If you’re still looking, try talking with your child about a few key things. Firstly, they should know whether or not they are going to be living with roommates. It is likely that they will be, so they all need to be on the same page about what they’re looking for. Next, they should narrow down the general location that they want to live. Do they want to be right next to the university, or are they okay with driving into campus? The answers to these will help you narrow down your search. And finally, they need to think about the price range. Most college students don’t have a lot of money so they will need to find something reasonably priced.
2. What will the move entail?
Once they know where they are moving to, then you will need to begin preparing for the actual move. The actual moving situation may differ greatly based on your child’s situation. Are they moving from home or from another apartment? Will it be a long drive or is the distance relatively small? These will help you plan for the day.

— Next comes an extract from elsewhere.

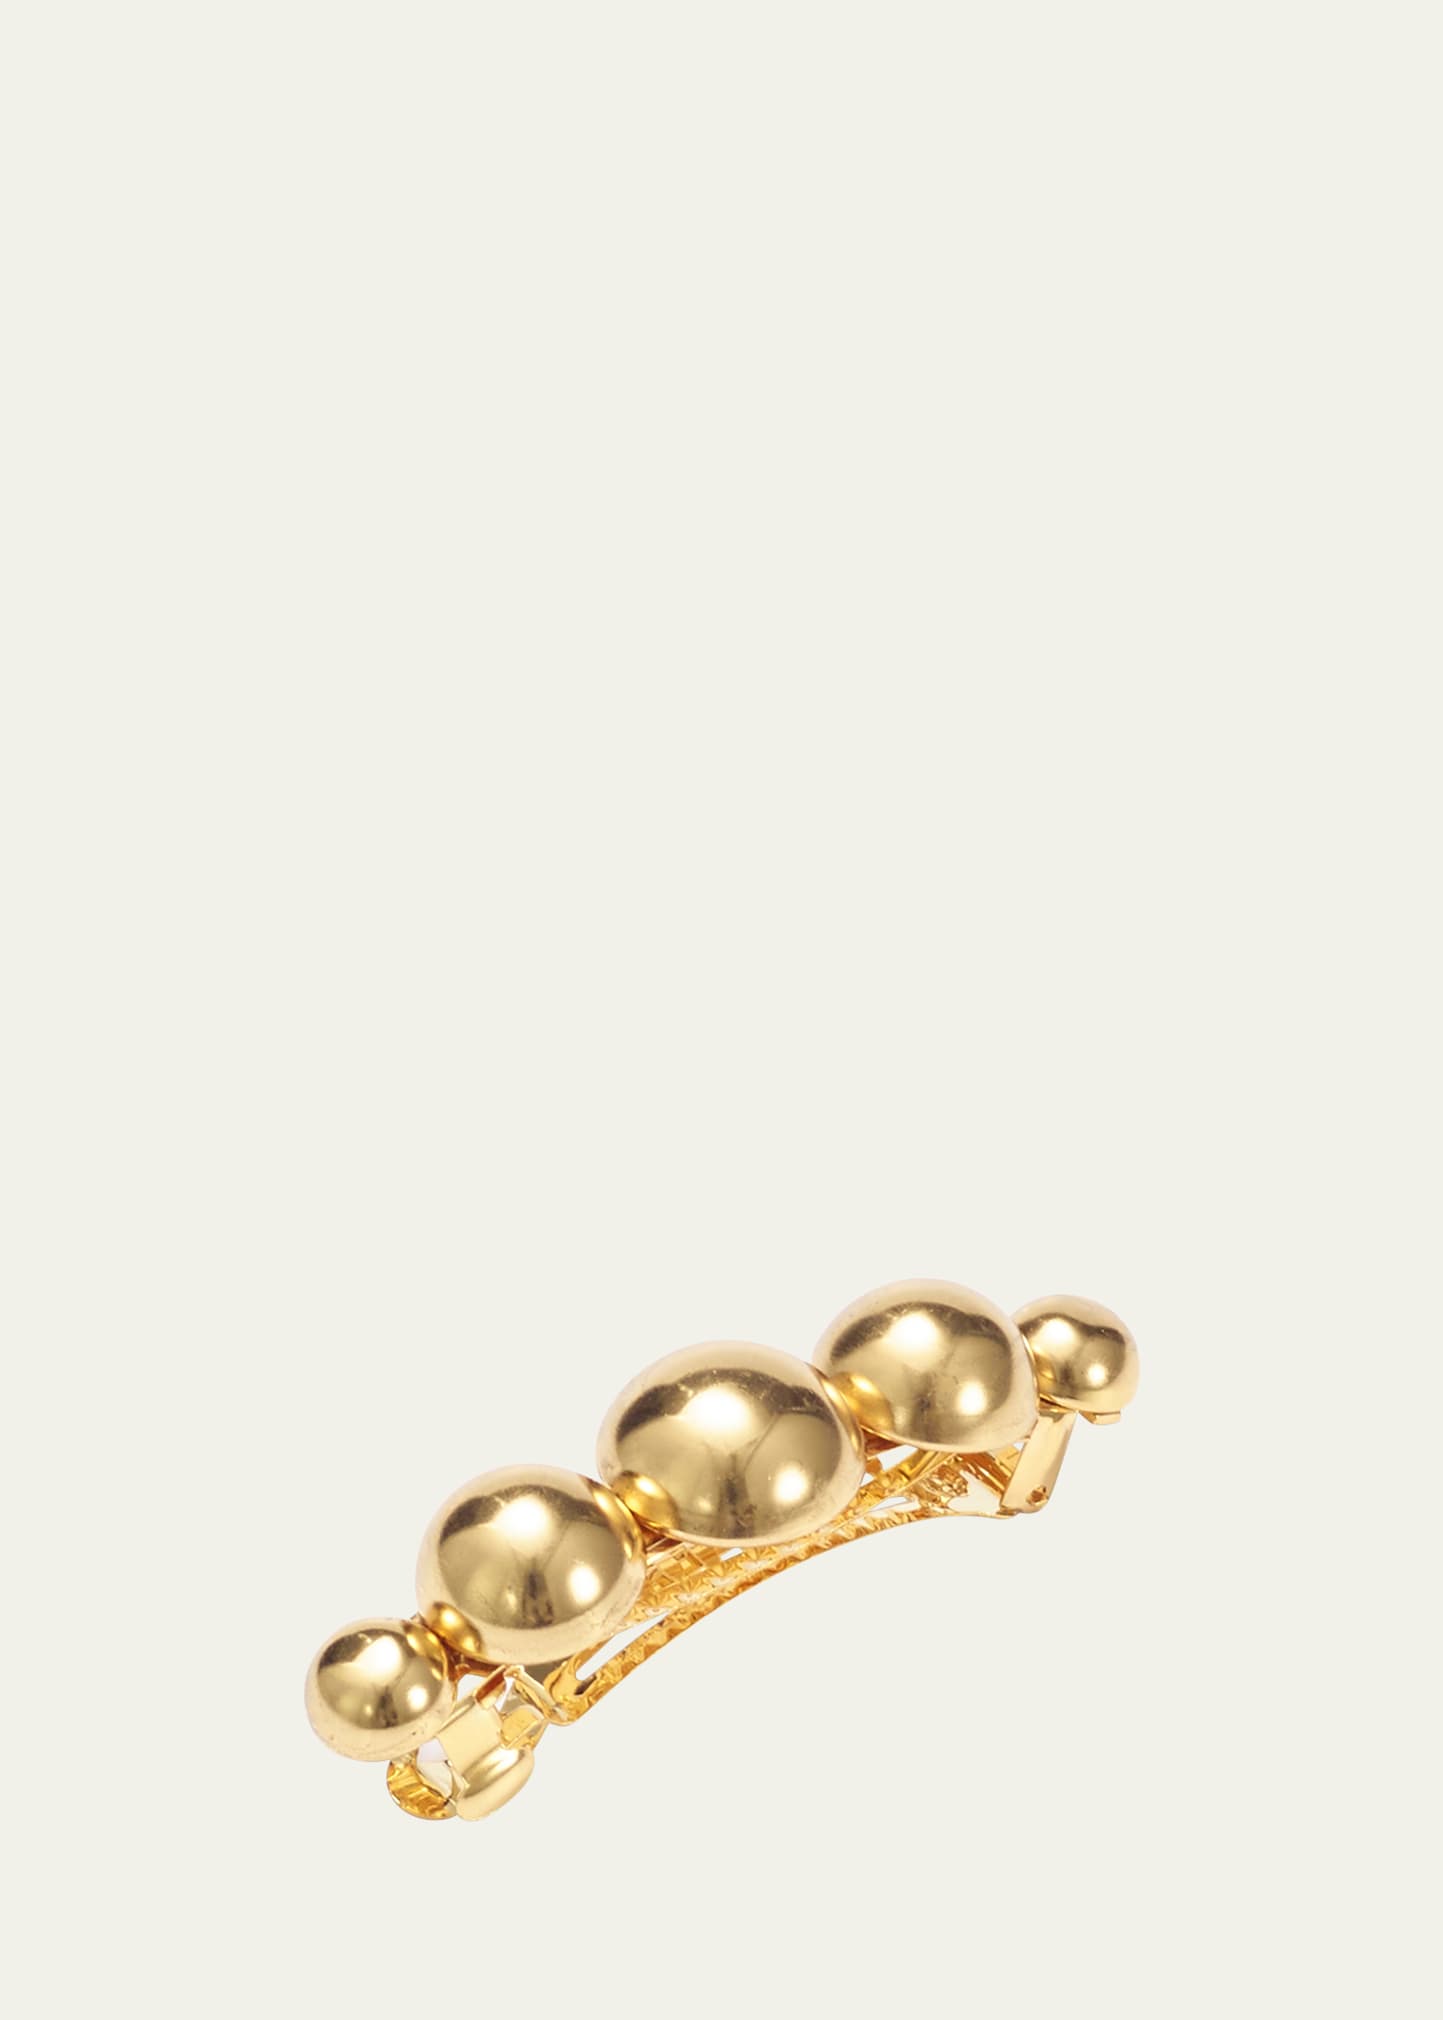 Lelet Ny Linear Bauble French Barrette
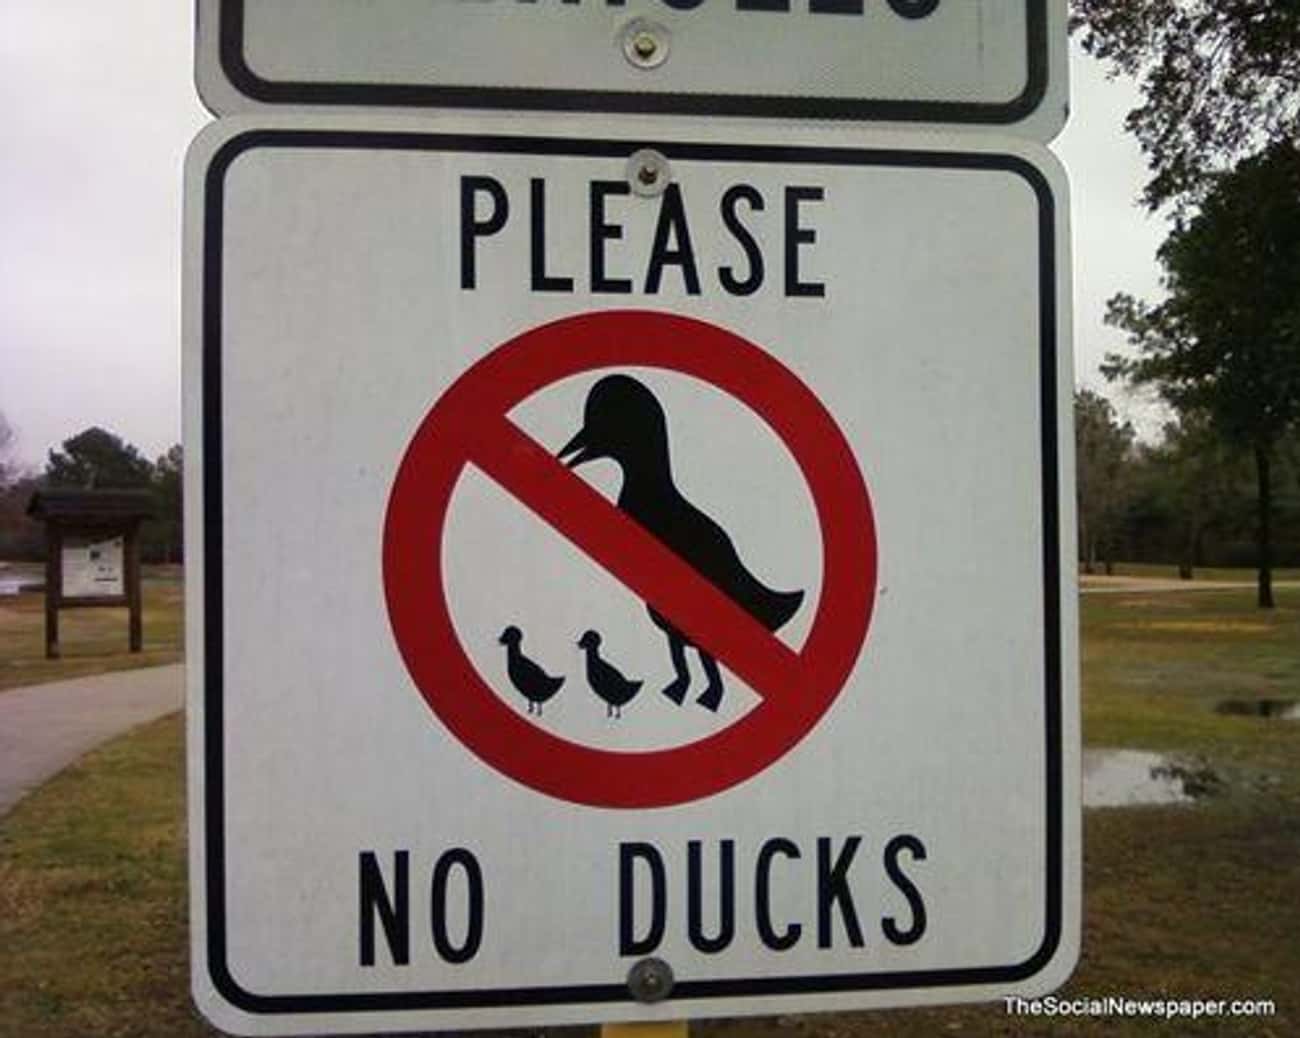 What the Duck?

You should also think about how many items your student has. If they are moving from a different apartment, they may have many more things than if they were moving from home or from the dorms. If this is the case, you may need to consider renting a moving van or borrowing a truck of some kind.
Try to also figure out what date they need to move on and how many people they will need to help. You may need to persuade some family members or some of their friends to help with the move. Make sure to ask people early so that they won’t be busy on the day.
3. What items will they need?
After you have successfully moved their things into the new place, you can better evaluate what kinds of things they are missing. If your student has other roommates, it is very possible that they have brought along some of these items that they can share with the entire apartment. It works really well for roommates to share things like pots, pans, dishes, cleaning supplies, and other general housework items. Make sure that you have checked with the other roommates before you go rushing off to buy something. You wouldn’t want to end up with double!
It is very likely that your student will need some larger items that aren’t necessary from the initial move in. These could include things like a vacuum cleaner, television, or extra storage space. This gives you the opportunity to look for things at a low cost. You can try checking secondhand stores or websites that might carry cheap, used items. This way, you won’t be spending a fortune just trying to outfit your student’s college apartment.
4. How will it look?
Now comes the fun part: decorating. For many parents, it can be easy to get a little carried away with decorations. You may be out shopping and see a cute painting or item that you think your child would love and be tempted to buy it. Make sure that you are using caution when buying decorations for your student’s apartment. Your taste may be very different from theirs. You should definitely let your child take the lead when it comes to decorative items. If you do see something that they might want, take a picture of them and ask. This way, you aren’t wasting money and they get to make the decisions.
Always remember that this is a crucial experience for your child as they are growing into an adult. Be ready to help whenever possible, but also allow for them to figure things out on their own.